The HPAfrica protocol: Assessment of health behaviour and population-based socioeconomic, hygiene behavioural factors – a standardised repeated cross-sectional study in multiple cohorts in sub-Saharan Africa


Gi Deok Pak, Andrea Haekyung Haselbeck, Hyeong Won Seo, Isaac Osei, John Amuasi, Robert F Breiman, Ligia Maria Cruz Espinosa, Marianne Holm, Justin Im, Geun Hyeog Jang, Hyon Jin Jeon, Stephen P Luby, Octavie Lunguya-Metila, William MacWright, Ondari Daniel Mogeni, Iruka N Okeke, Ellis Owusu-Dabo, Jin Kyung Park, Se Eun Park, Oluwafemi Popoola, Hye Jin Seo, Abdramane Bassiahi Soura, Mekonnen Teferi, Trevor Toy, Yun Chon, Mathilde Rafindrakalia, Raphaël Rakotozandrindrainy, Christian G Meyer, Florian Marks, Ursula Panzner


The objective of the Health Population Africa (HPAfrica) study is to determine health behaviour and population-based factors, including socioeconomic, ethnographic, hygiene and sanitation factors, at sites of the Severe Typhoid Fever in Africa (SETA) programme. SETA aims to investigate healthcare facility-based fever surveillance in Burkina Faso, the Democratic Republic of the Congo, Ethiopia, Ghana, Madagascar and Nigeria. Meaningful disease burden estimates require adjustment for health behaviour patterns, which are assumed to vary among a study population.

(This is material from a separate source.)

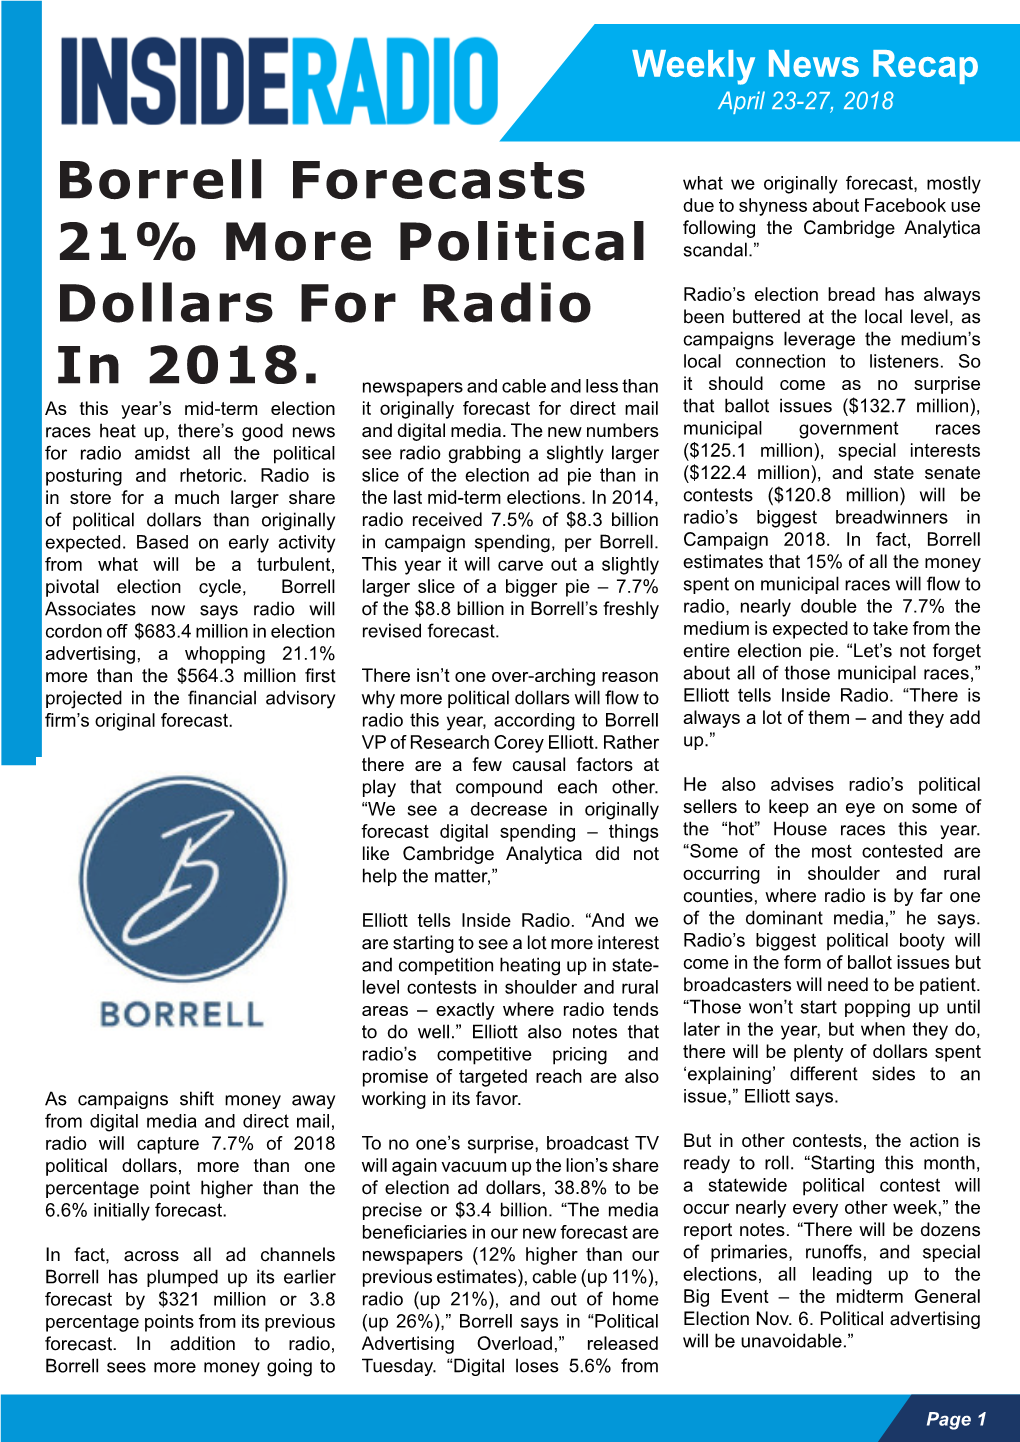 Borrell Forecasts 21% More Political Dollars for Radio

For the minimum sample size of household interviews required, the assumptions of an infinite population, a design effect and age-stratification and sex-stratification are considered. In the absence of a population sampling frame or household list, a spatial approach will be used to generate geographic random points with an Aeronautical Reconnaissance Coverage Geographic Information System tool. Printouts of Google Earth Pro satellite imagery visualise these points. Data of interest will be assessed in different seasons by applying population-weighted stratified sampling. An Android-based application and a web service will be developed for electronic data capturing and synchronisation with the database server in real time. Sampling weights will be computed to adjust for possible differences in selection probabilities. Descriptive data analyses will be performed in order to assess baseline information of each study population and age-stratified and sex-stratified health behaviour. This will allow adjusting disease burden estimates. In addition, multivariate analyses will be applied to look into associations between health behaviour, population-based factors and the disease burden as determined in the SETA study.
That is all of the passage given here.